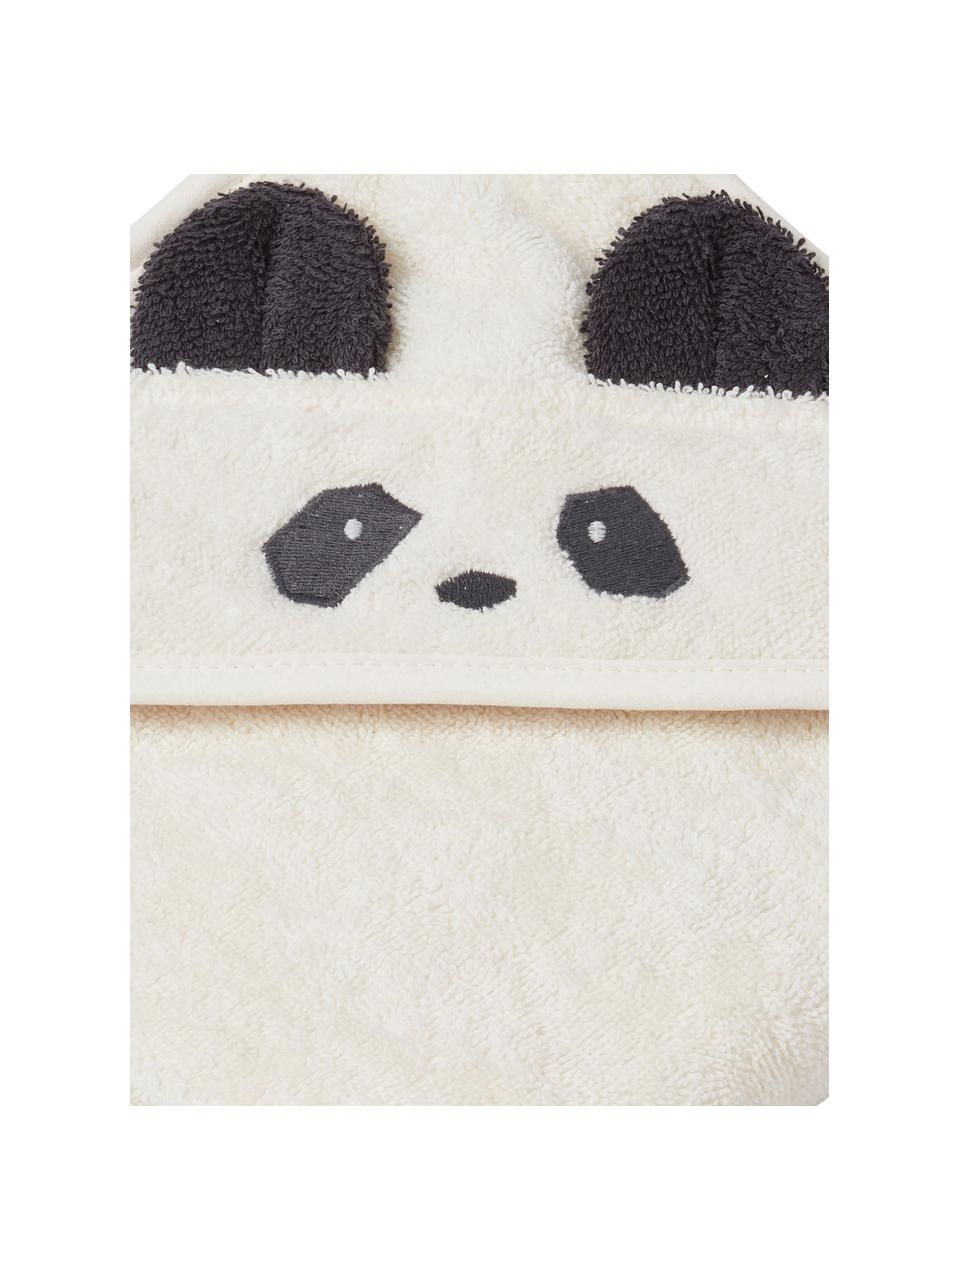 Babyhanddoek Albert Panda, 100% biologisch katoen (katoen badstof), Wit, zwart, B 70 x L 70 cm
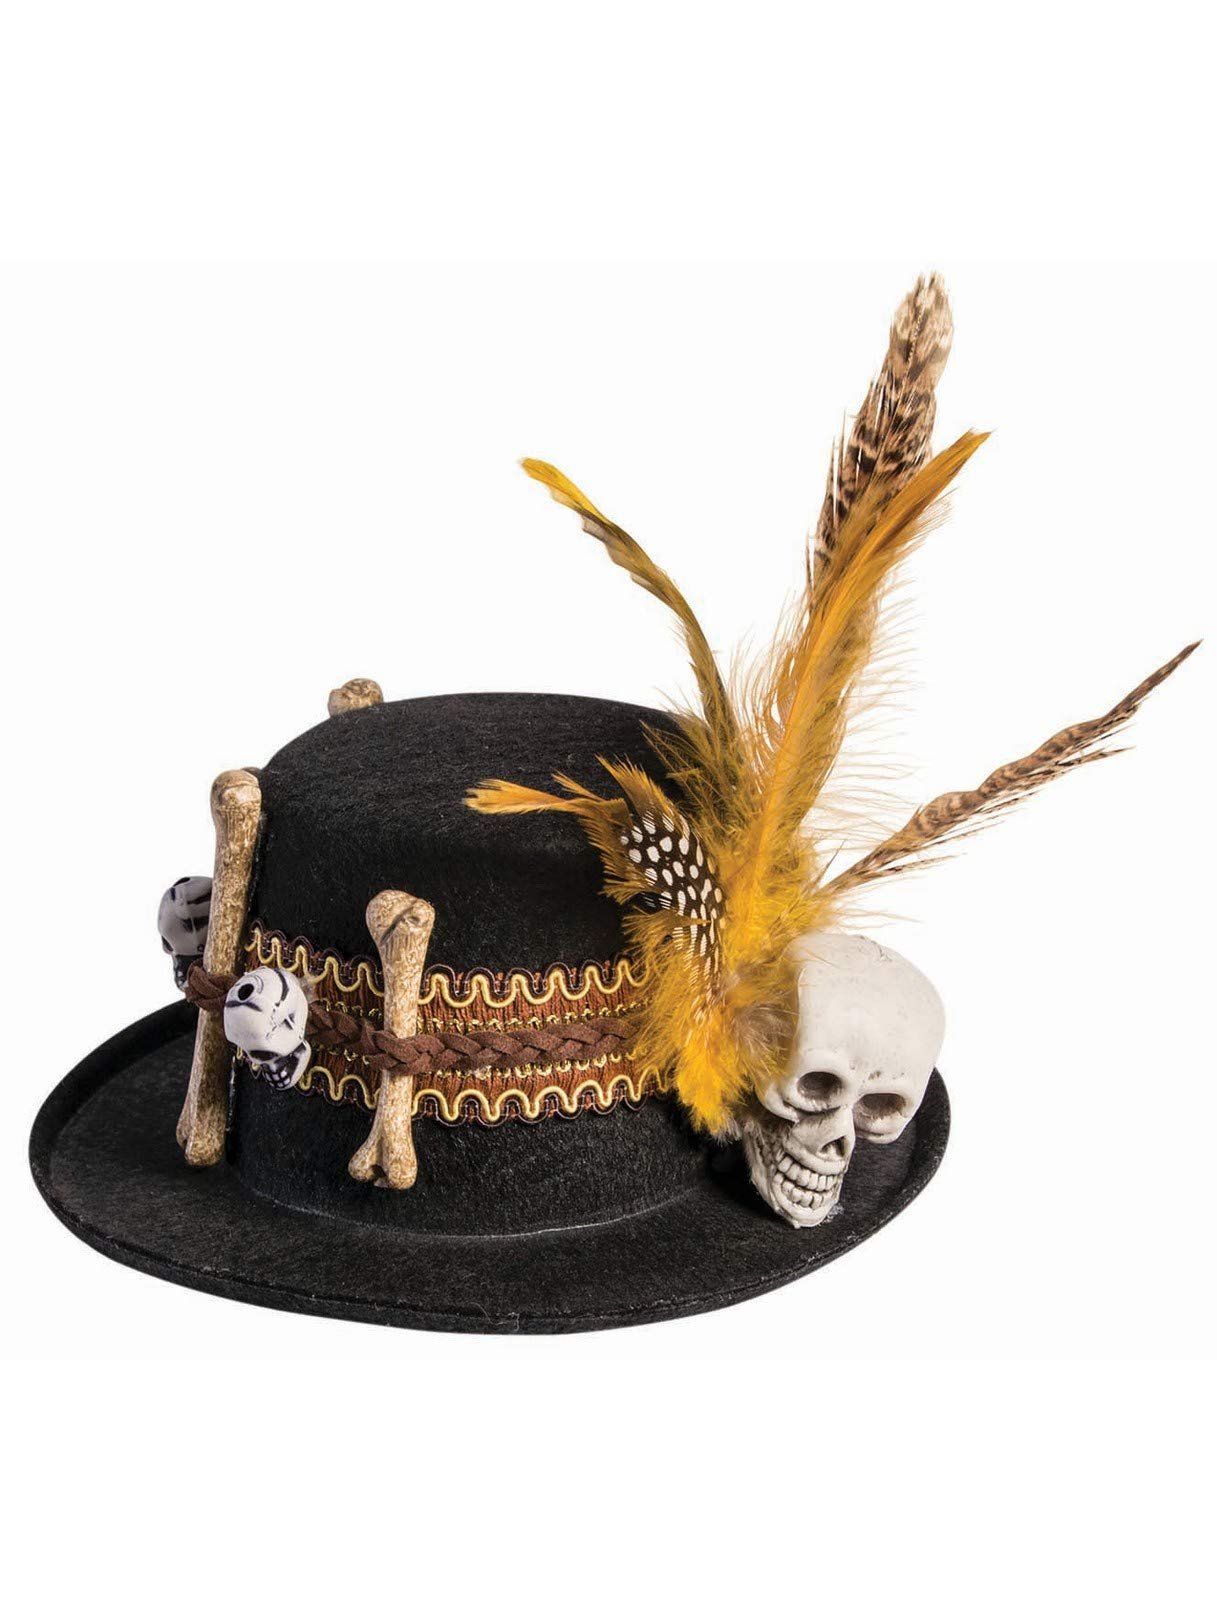 Rubie's Adult Voodoo Mini Hat, As Shown, 4" x 7.5"
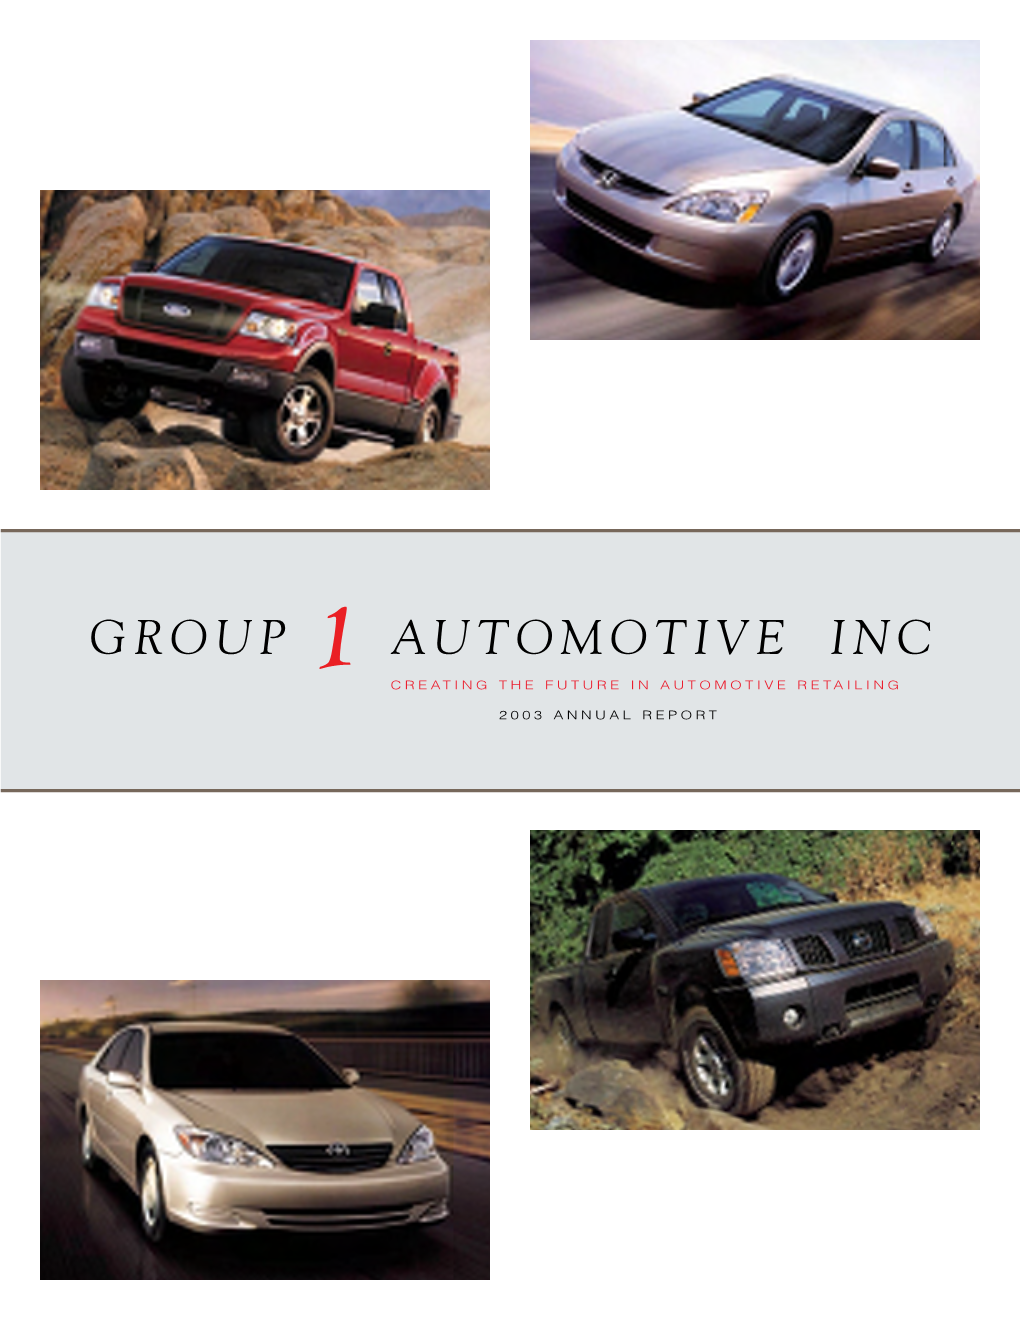 Group 1 Automotive, Inc
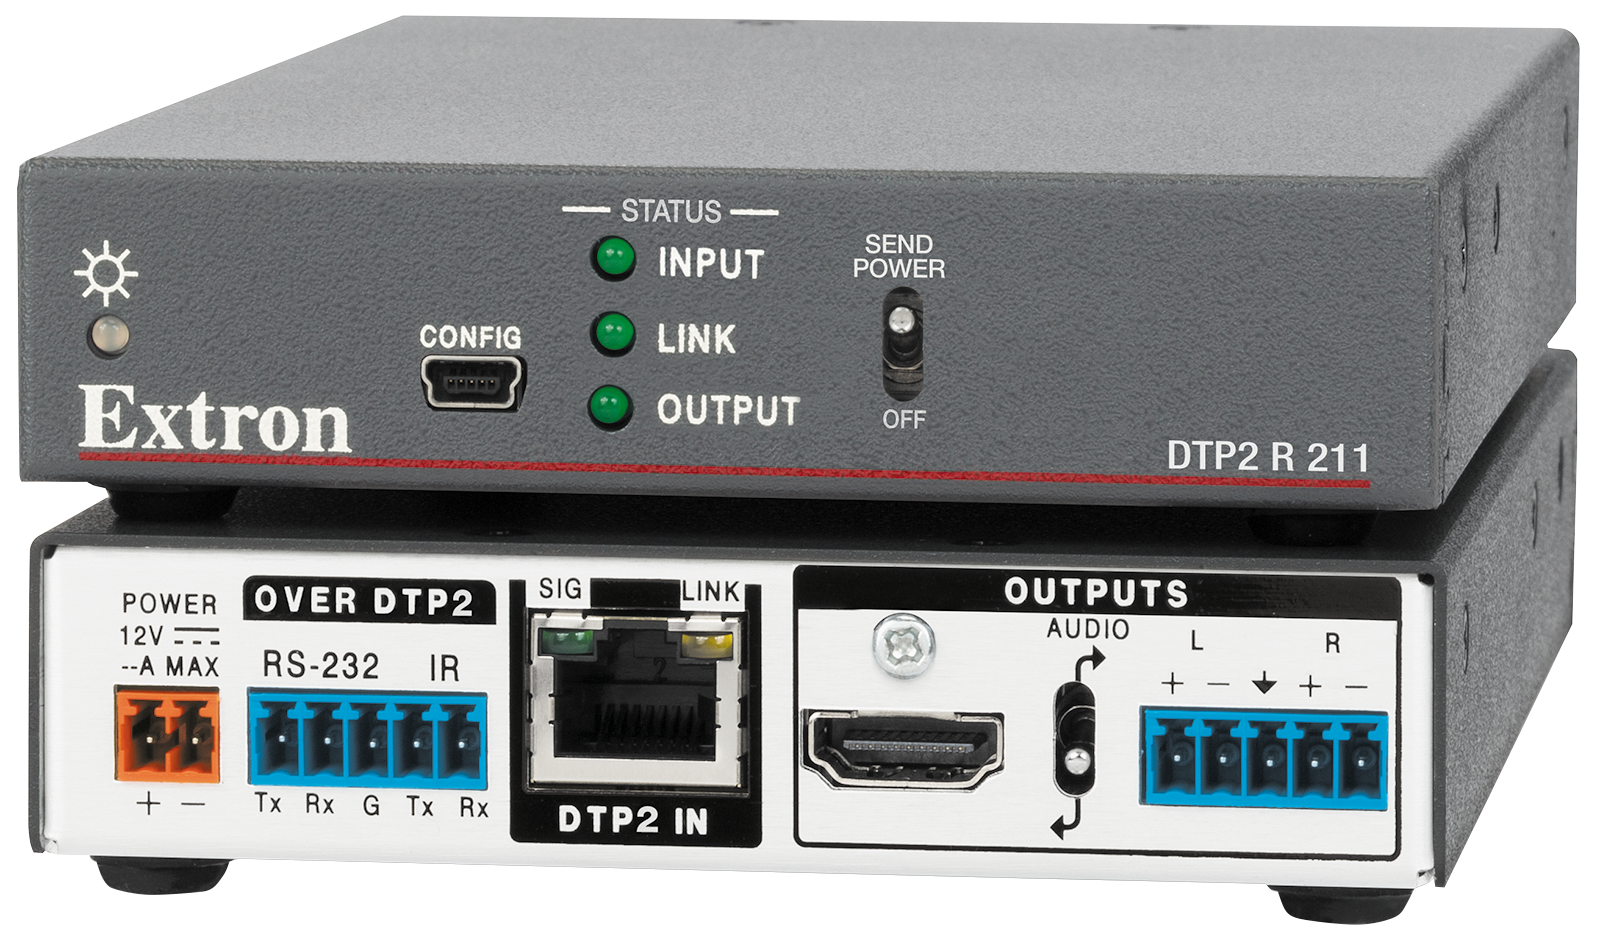 Extron dtp2 r 211. Extron HDMI приемник. Extron dtp2 t 212. 60-1631-53 Приёмник dtp2 с деэмбедированием аудио для HDMI 4k/60, dtp2 r 211 7. Outputs send

■ ■ ■ ■

**EXERCISE AIM:**
Please reproduce the lines above from the one containing "Rubie's Adult Voodoo" through the final line, exactly and inclusively, leaving out each picture.

**ANSWER BOX:**
 Rubie's Adult Voodoo Mini Hat, As Shown, 4" x 7.5"
 Group 1 Automotive, Inc
 Extron dtp2 r 211. Extron HDMI приемник. Extron dtp2 t 212. 60-1631-53 Приёмник dtp2 с деэмбедированием аудио для HDMI 4k/60, dtp2 r 211 7. Outputs send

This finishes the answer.